● **DATASET EXTRACT**
____
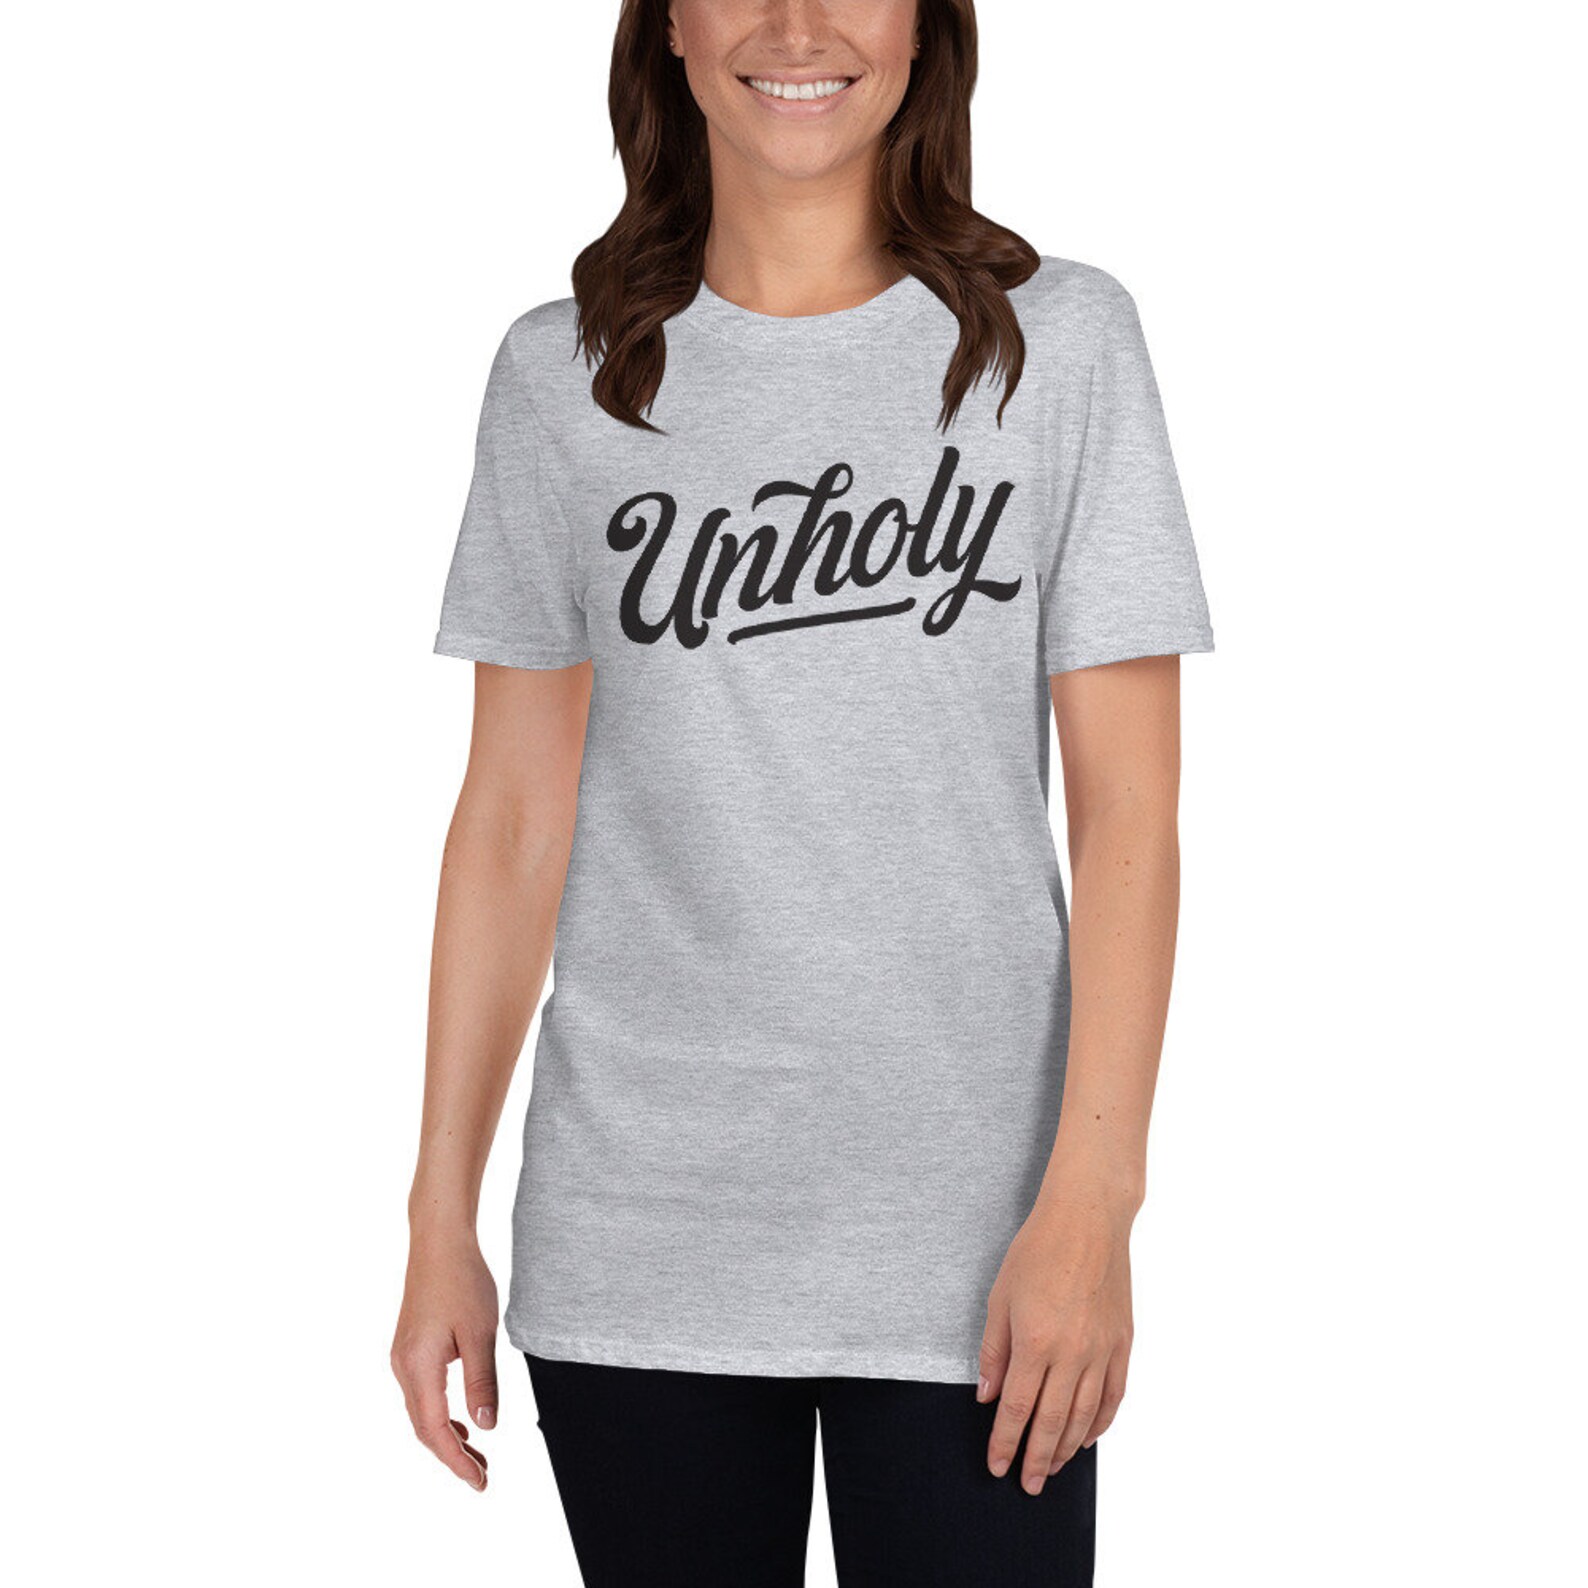 The Unholy SHIRT TEE SHIRT T Shirt Light Version for - Etsy
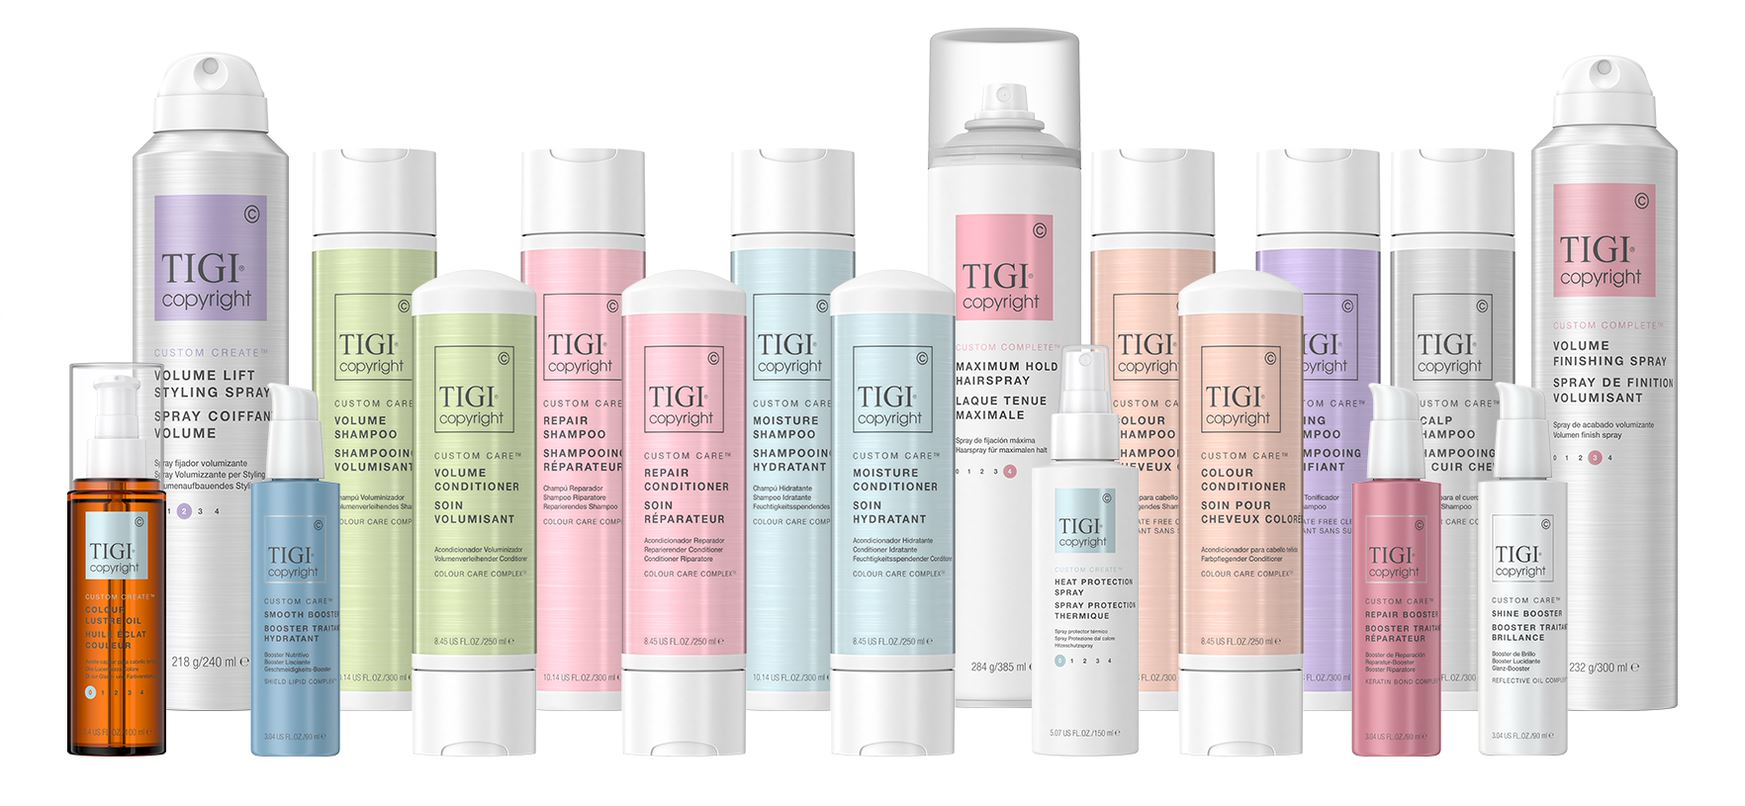 Free Sample of TIGI Copyright Hair Care.
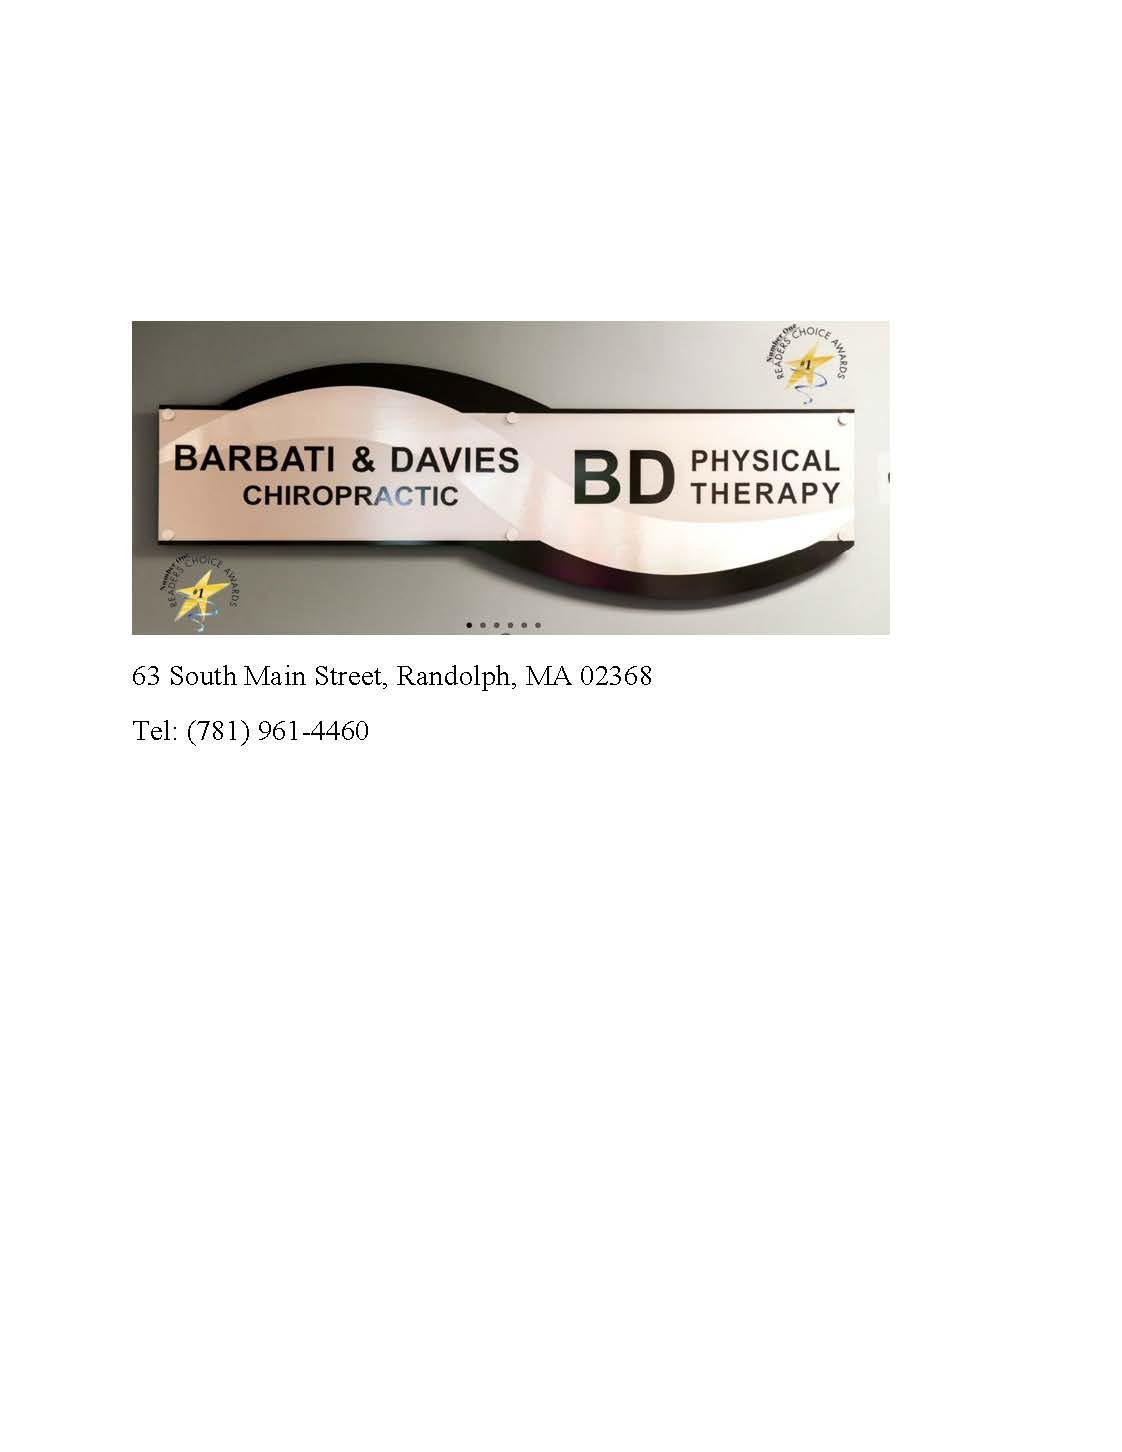  Barbati & Davies Chiropractic Offices
____
● **EXERCISE PROMPT**
Apart from the images, reproduce the listing exactly as it appears.

● **ANSWER TO THE PROBLEM**
 The Unholy SHIRT TEE SHIRT T Shirt Light Version for - Etsy
 Free Sample of TIGI Copyright Hair Care.
  Barbati & Davies Chiropractic Offices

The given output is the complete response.